Gross Profit. Gross Profit related to DGSE’s operations for the three months ended March 31, 2020, increased by $145,700 to $2,364,182 as compared to $2,218,482 during the same period in 2019. The increase in total gross profit was due primarily to the increase in sales velocity for the resale items and the recycled materials. Even though there were additional revenues for the resale items, there were also lower gross-margin percentages due to the change in market conditions.

Gross Profits related to ECHG support a larger profit margin compared to the DGSE segment. ECHG’s profit margin of $2,937,098 on $5,465,559 sales comprises 53.7% overall.
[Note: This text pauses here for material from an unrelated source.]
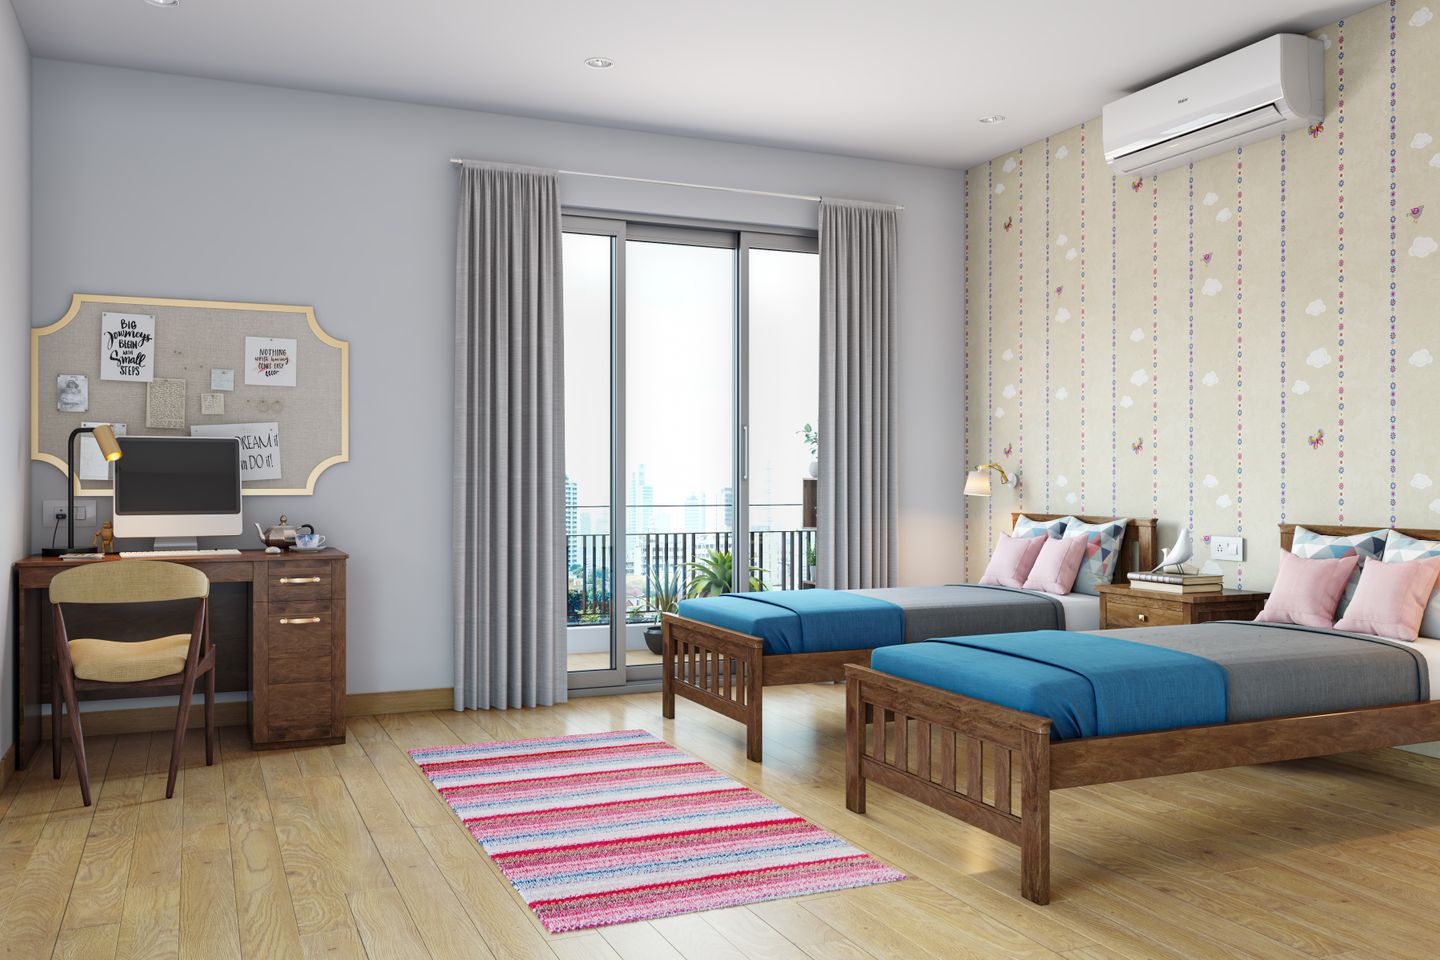 Kids Bedroom Design With Modern Spacious Interiors - Livspace

Selling, General and Administrative Expenses. For the three months ended March 31, 2020, Selling, General and Administrative (“SG&A”) expenses for DGSE increased $131,666, or 7.6%, to $1,873,006, as compared to $1,741,340 during the same period in 2019. The increase in SG&A was primarily due to increased corporate expenses loaded to both the DGSE and ECHG segments.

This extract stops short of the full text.